Recent advances in high throughput ‘omics’ technologies enable quantitative measurements of expression or abundance of biological molecules in a whole biological system. Various popular omics platforms in systems biology include transcriptomics, proteomics, cytomics and metabolomics. These experiments are usually designed to compare changes observed between different conditions or groups and are often used to identify biomarkers capable of characterising pathological states or response to treatment.

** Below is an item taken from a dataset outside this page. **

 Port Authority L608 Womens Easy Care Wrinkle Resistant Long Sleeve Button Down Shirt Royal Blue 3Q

The decreasing costs of these high-throughput platforms now enable repeated measures experiments on the same individuals or biological samples. Such experiments allow a substantial gain in information. For instance, longitudinal designs are more powerful as they reduce the noise due to inter individual variability, as long as the correlation between repeated observations is taken into account. There exists an abundant literature on the analysis of repeated measurements of omics data [1, 2]. In this context, a common approach is to apply a univariate mixed model on each gene followed by multiple testing correction . However, this approach disregards the dependency between genes, and due to the high dimensionality of the data, numerous hypotheses tests must be performed.

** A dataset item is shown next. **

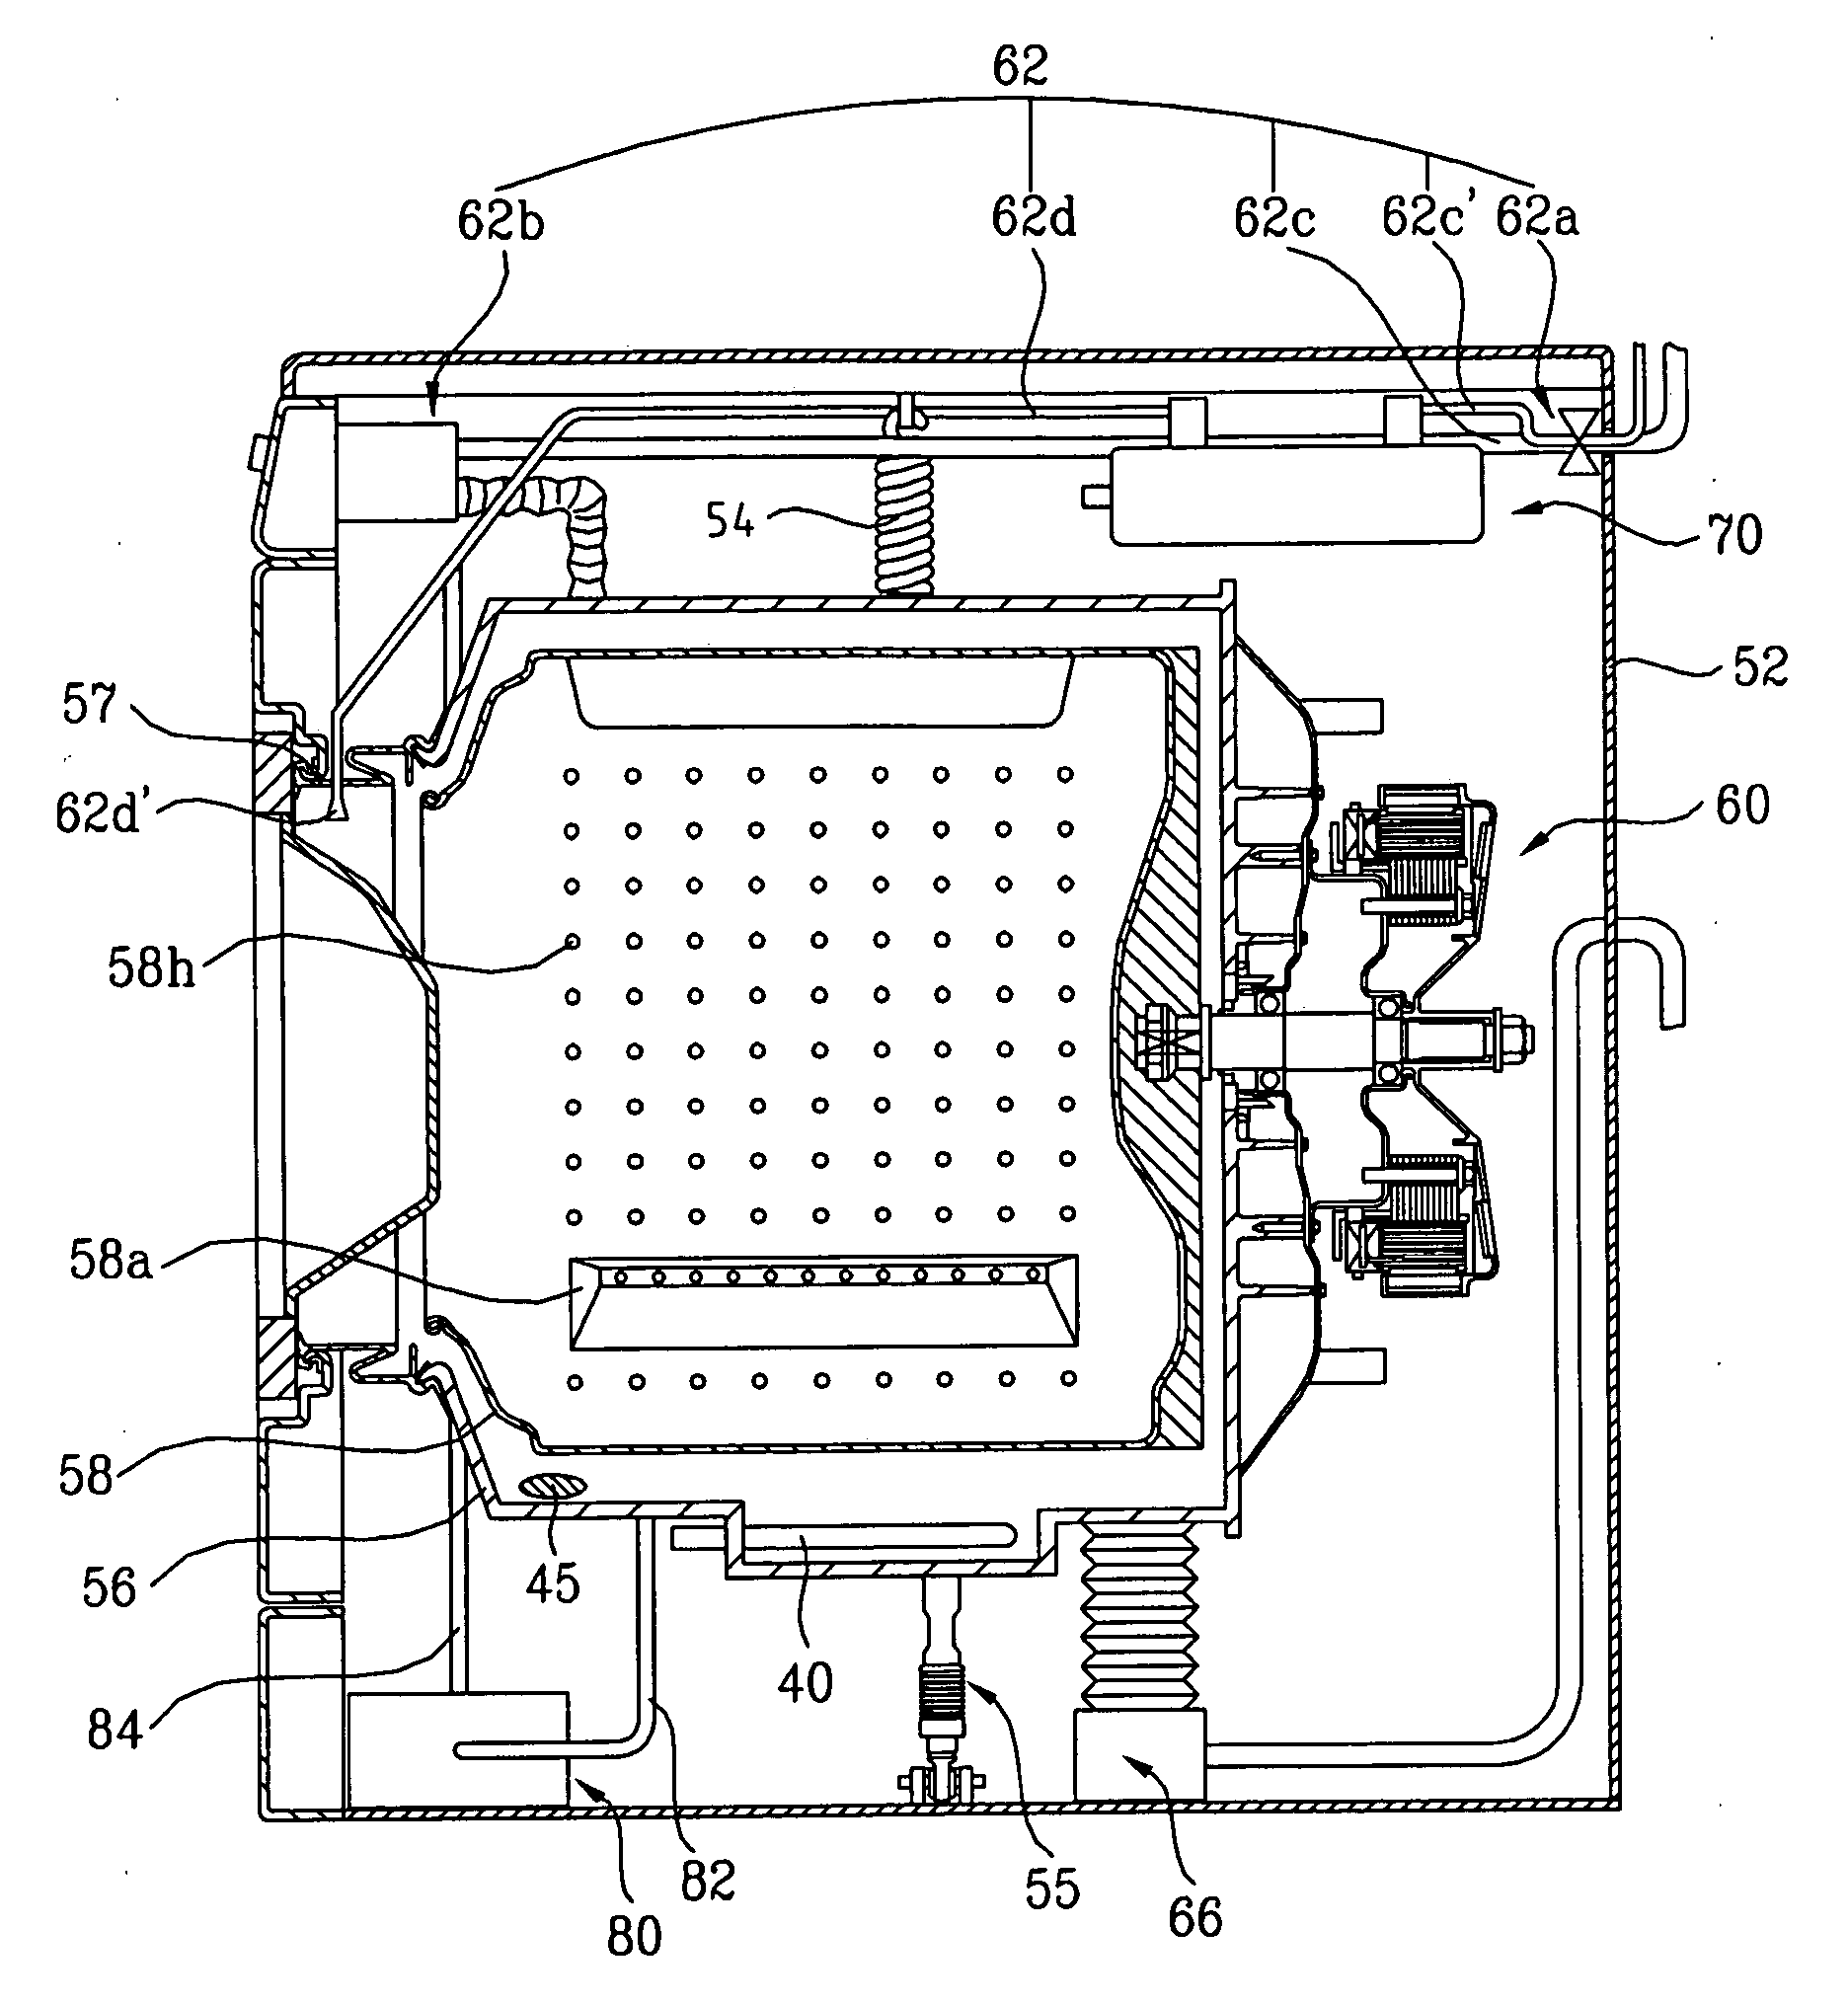 Controlling method of a laundry machine

The mixed model approach has been used for the analysis of one single data type (e.g. gene expression). However, a growing number of high-throughput data are generated in standard clinical trials. For example, the evaluation of HIV vaccine in phase I/II trials incorporates measurements of counts of numerous types of cell, of the production of intra and extracellular cytokines and of gene expression . The integration of such multi-layer information can help unravel the complexities of a biological system, as each functional level is hypothesized to be related to each other . However the integration of omics data is a challenging task. Firstly, the large number of measured biological entities makes it very difficult to obtain a good overview or understanding of the system under study. Secondly, the small number of samples or patients makes statistical inference difficult and argue for using the maximum amount of available information. Thirdly, the integration of heterogeneous data represents an analytical and numerical challenge when trying to find common patterns in data from different origins.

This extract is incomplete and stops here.